Курт кивнул, преодолевая желание поцеловать руку, лежавшую на рукаве его черного костюма. Он искал слова, но когда уже почти придумал их, Вера встала и отошла, коснувшись пальцами его плеча на прощанье. Остаток поминок, в решимости отчаяния, он исподлобья следил за нею, готовый к действию.
Когда начали расходиться, Курт, улучив момент, оказался возле девушки.
– Вы на. на. поминаете мне о сестре, – сказал он, кося вбок. – Мне очень нр-равилось, ка-а…
Тут звук заклинило насмерть, и он стоял, повторяя на выдохе свое «ка-а.» и в отчаянии глядя, как ее мать поднимается из-за стола, чтобы идти в прихожую.

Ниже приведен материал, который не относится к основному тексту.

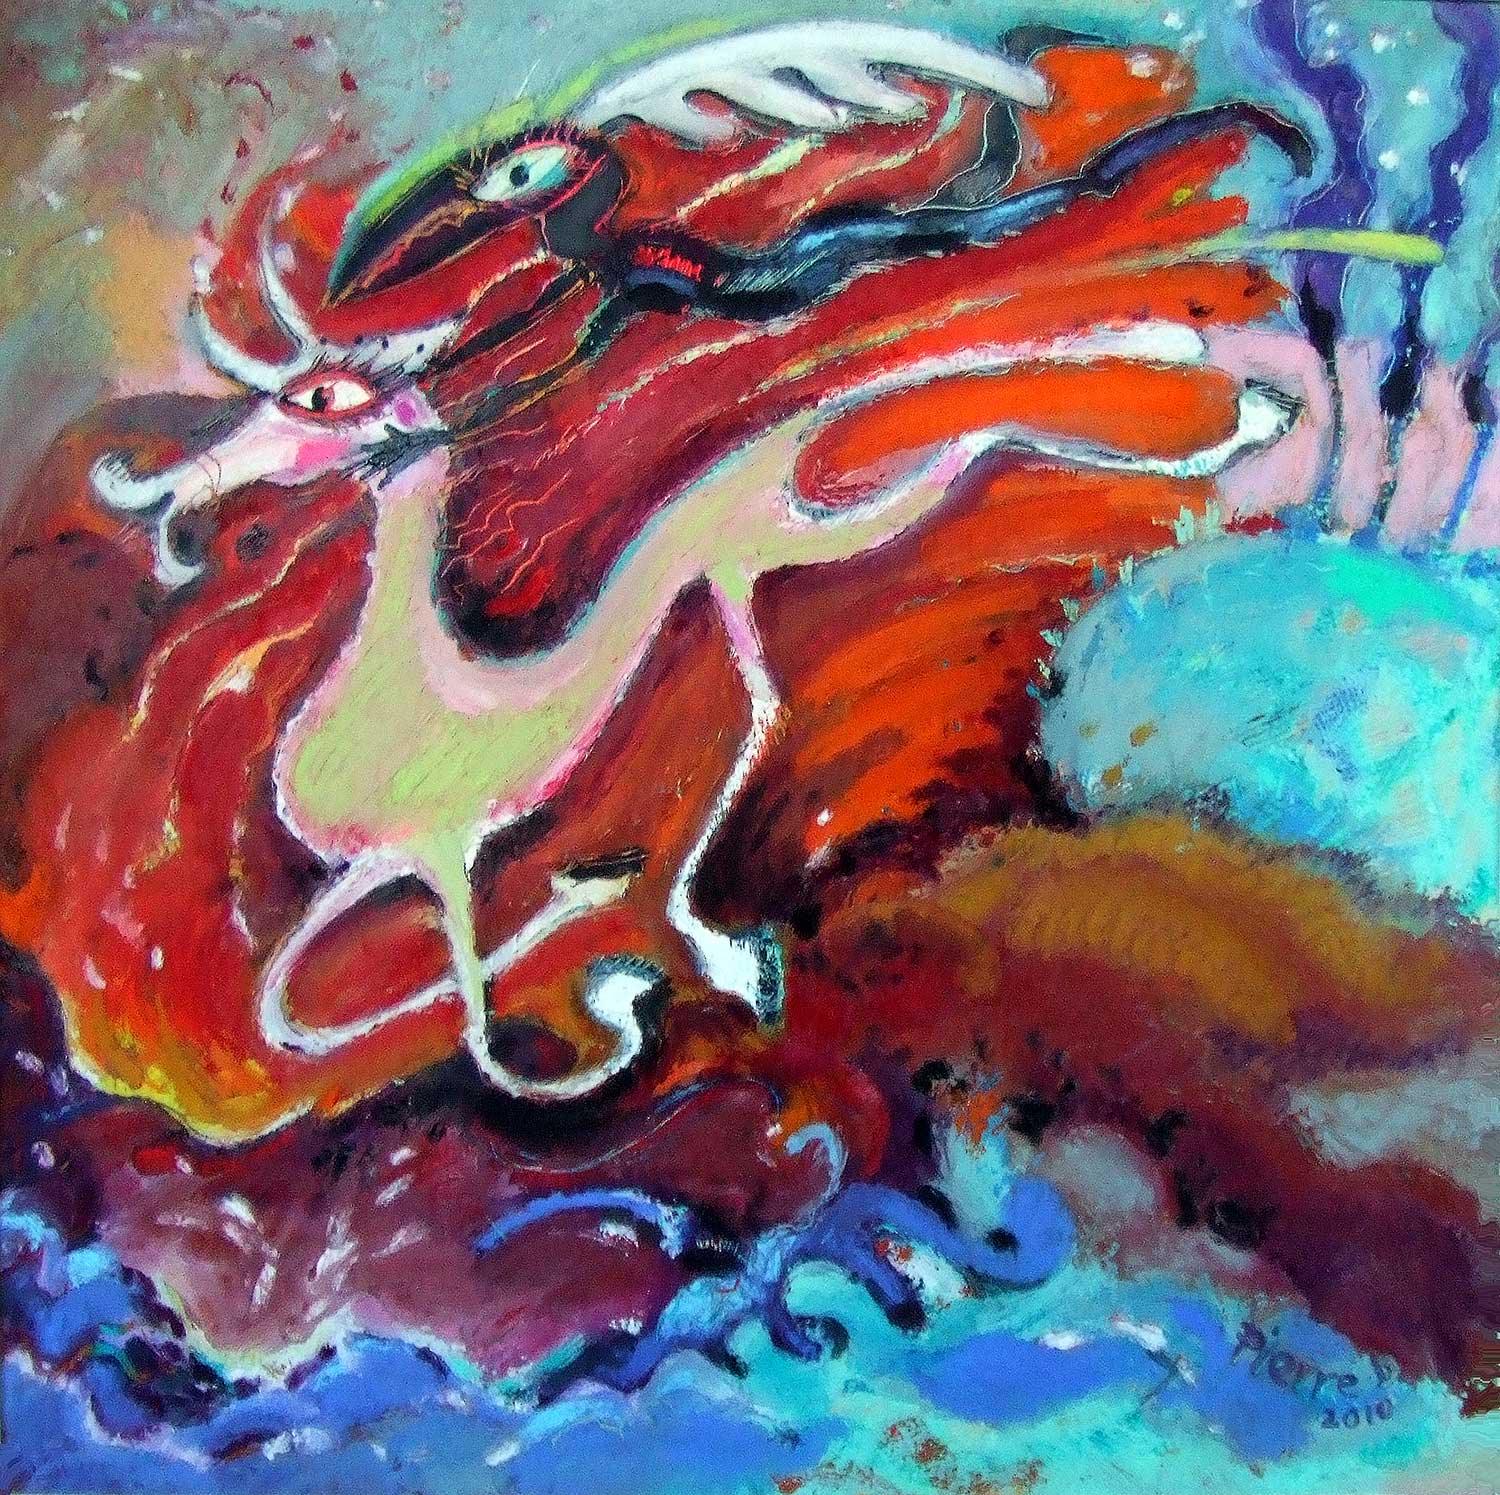  Fire Horse &nbsp; ©  Oil and oil pastel on fine paper  38 cm high x 38 cm wide  "The exaggerated, tangled legginess of this lime-white horse makes it all the more vulnerable in the clutches of the Harpy."

– Как я играю? – помогла Вера.
Он хотел переключиться на слово «да», но для экономии времени просто затряс головой.
– Спасибо. Мы обязательно еще увидимся, – сказала Вера и снова погладила его по рукаву. – Вы приходите на мои выступления. Я играю по субботам в еврейской общине.
Он боднул головой воздух и, счастливый, ткнулся губами ей в руку. И отошел, бормоча сказанный ею адрес.
До субботы не было часа, когда он бы не представлял себе дальнейшего хода событий. Концерт, непременный Бетховен, возможность проводить Веру; ее рука, ее грудь у самого плеча; разговор о сестре, о музыке, о нем самом… Он ведь хороший. И неплохо зарабатывает в этой конторе, а если что, возьмет еще работу. Разница в возрасте, конечно… Но это не страшно. Вот, например, Гете…
Он предвидел проблемы с ее матерью – она была ровесницей Курта и Гете не Гете, а большой радости от его планов испытывать не могла. Но почему-то выходило, что и мать не будет против.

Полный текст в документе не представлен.